I'd say that's more the size of a Gorilla sized beast to tame! A monkey would be that a bolt hole doesn't line up.


----------



## JMVorbeck (Jun 1, 2005)

MAKPerformance said:


> one monkey doesnt stop a show


I dont understand. How are you going to get around that?


----------



## MAKPerformance (Sep 27, 2005)

magic MAK Performance elves crawl into the tailpipes and then abunch of noises sound off and next thing you know, the computer problem is solved


----------



## ftlfirefighter (Jun 6, 2005)

Hmm, I wonder if they've got Green Cards!! LOL


----------



## ftlfirefighter (Jun 6, 2005)

They didn't go out of business did they? Call your credit card company quick!!


----------



## MAKPerformance (Sep 27, 2005)

one: all of us were born here in this country, except for kiko, who is probably more technically skilled than half the south florida field. 
two: no, we have been mak performance for 15 years, no we dont steal from people either.
three:when more detailed information is available to the public ill keep you posted, meantime just keep checkin out our website and checkin us out here.


----------



## ftlfirefighter (Jun 6, 2005)

I was only referring to the elves mate, not you guys!


----------



## MAKPerformance (Sep 27, 2005)

no i understand, it was funny as hell to me. but just wanted to let it be known that we arent a bunch of dumbasses rigging an 04 kit for 05.. our company is currently working closely with vortech and diablosport on this kit. when more informational is available for disclosure as far as exact numbers and install pics and finish product details, youll know from us or from vortech but most likely from both.


----------



## ftlfirefighter (Jun 6, 2005)

That's cool, it was all in jest. I have an odd sence of humor. LOL Well keep us informed, I may take a ride down to your shop here soon. I used to live in Hialeah, I didn't speak spanish so I didn't understand em when they asked me to move.


----------



## JMVorbeck (Jun 1, 2005)

MAKPerformance said:


> no i understand, it was funny as hell to me. but just wanted to let it be known that we arent a bunch of dumbasses rigging an 04 kit for 05.. our company is currently working closely with vortech and diablosport on this kit. when more informational is available for disclosure as far as exact numbers and install pics and finish product details, youll know from us or from vortech but most likely from both.
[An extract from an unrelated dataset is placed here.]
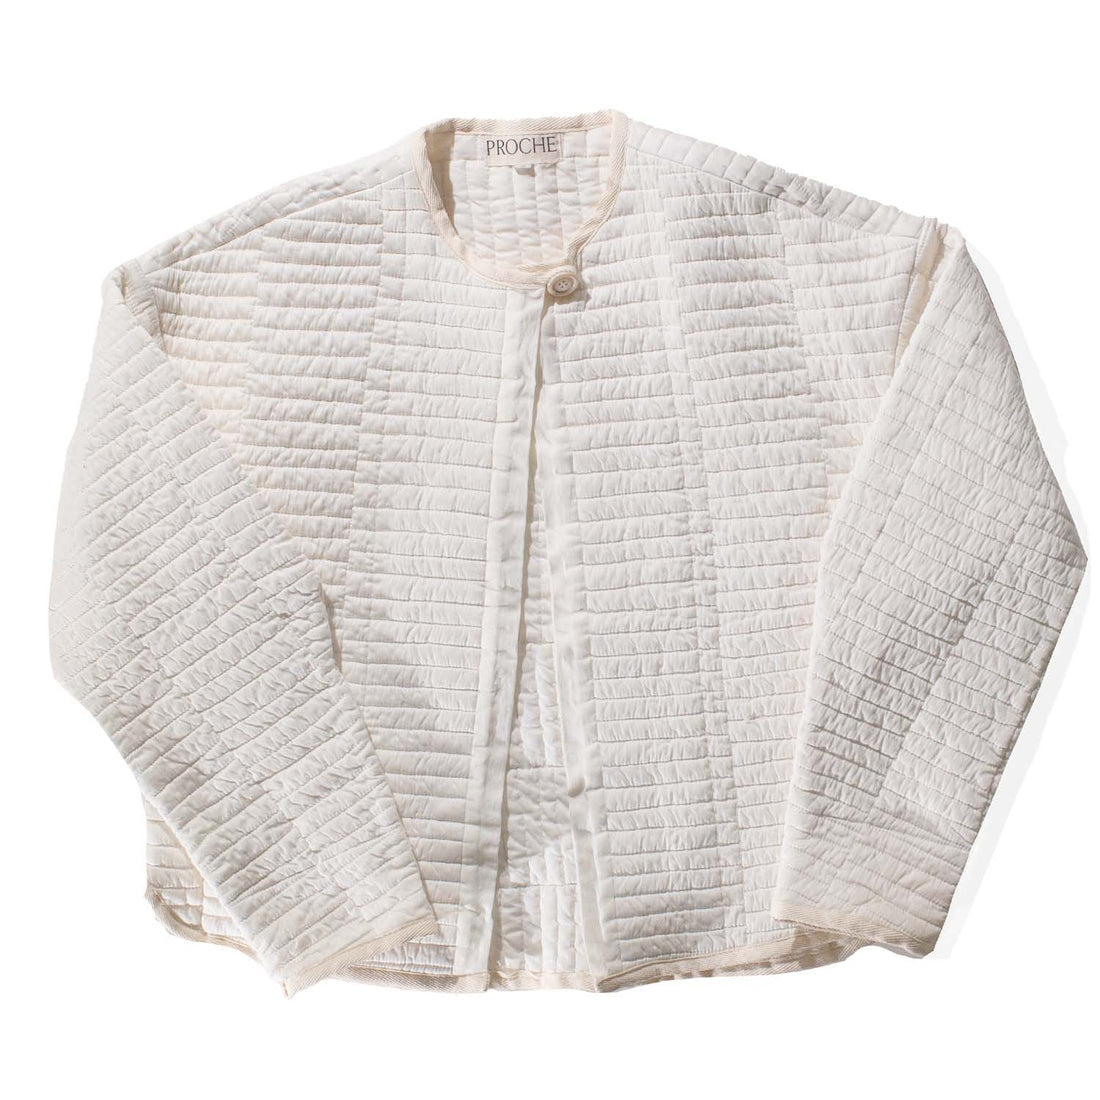 Proche Quilted Olivia Jacket in Ivory
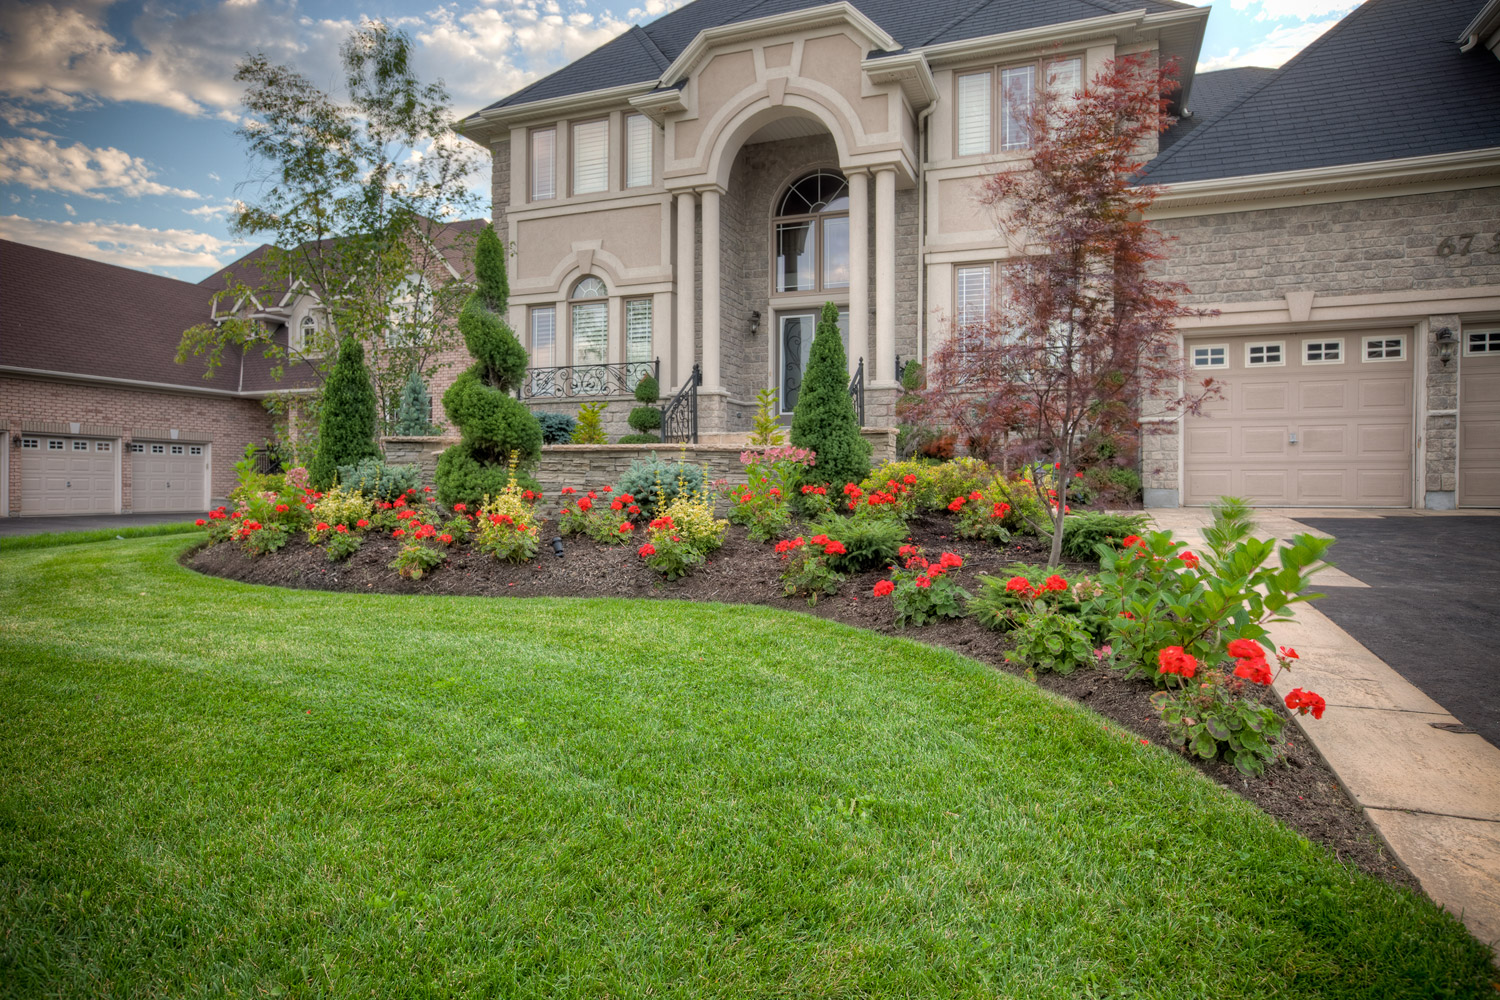 Front Landscaping Designs - Image to u

Maybe when your done with that you can do something with Procharger to light a fire under that project.


----------



## MAKPerformance (Sep 27, 2005)

JMVorbeck said:


> Maybe when your done with that you can do something with Procharger to light a fire under that project.




 sounds good


----------



## J.E.T. (Sep 30, 2005)

Picked it up two hours before the "employee discount" expired.........Clermont, FL


JET


----------



## vnamvet (Mar 22, 2005)

golfgoat said:


> I'm in Lake Wales. Bought mine the week before Christmas. Got rear ended on the 28th. My pulse red 6 speed should be out fo the shop in February.


We are building a new 30,000 sq. ft. Harley-Davidson store in Lake Wales!

See ya!


----------



## Ruben1210 (Sep 23, 2005)

Car is almost done se you guys soon!


----------



## MAKPerformance (Sep 27, 2005)

the car is coming strong, should be on the street by the end of the month. i think ruben is about ready to soil himself with the anxiety


----------



## Firstgoat (Oct 1, 2005)

Just picked mine up 9/29/05, MacClenny Fl. :cheers


----------



## dealernut (Oct 22, 2005)

*Signing in*

New to this forum

05 Cyclone Gray M6

J'ville for me.


----------



## ColdOnes (Aug 13, 2005)

Any newcomers in the New Tampa area ? Just saw someone picked up a new 05 with 18's in my neighborhood (Glenham). Also seen a yellow with a large black stripe on the side heading down I-75 south the other day...


----------



## MeanGoat (Jan 4, 2006)

I live in Carrollwood and drive an '05 Quicksilver m6.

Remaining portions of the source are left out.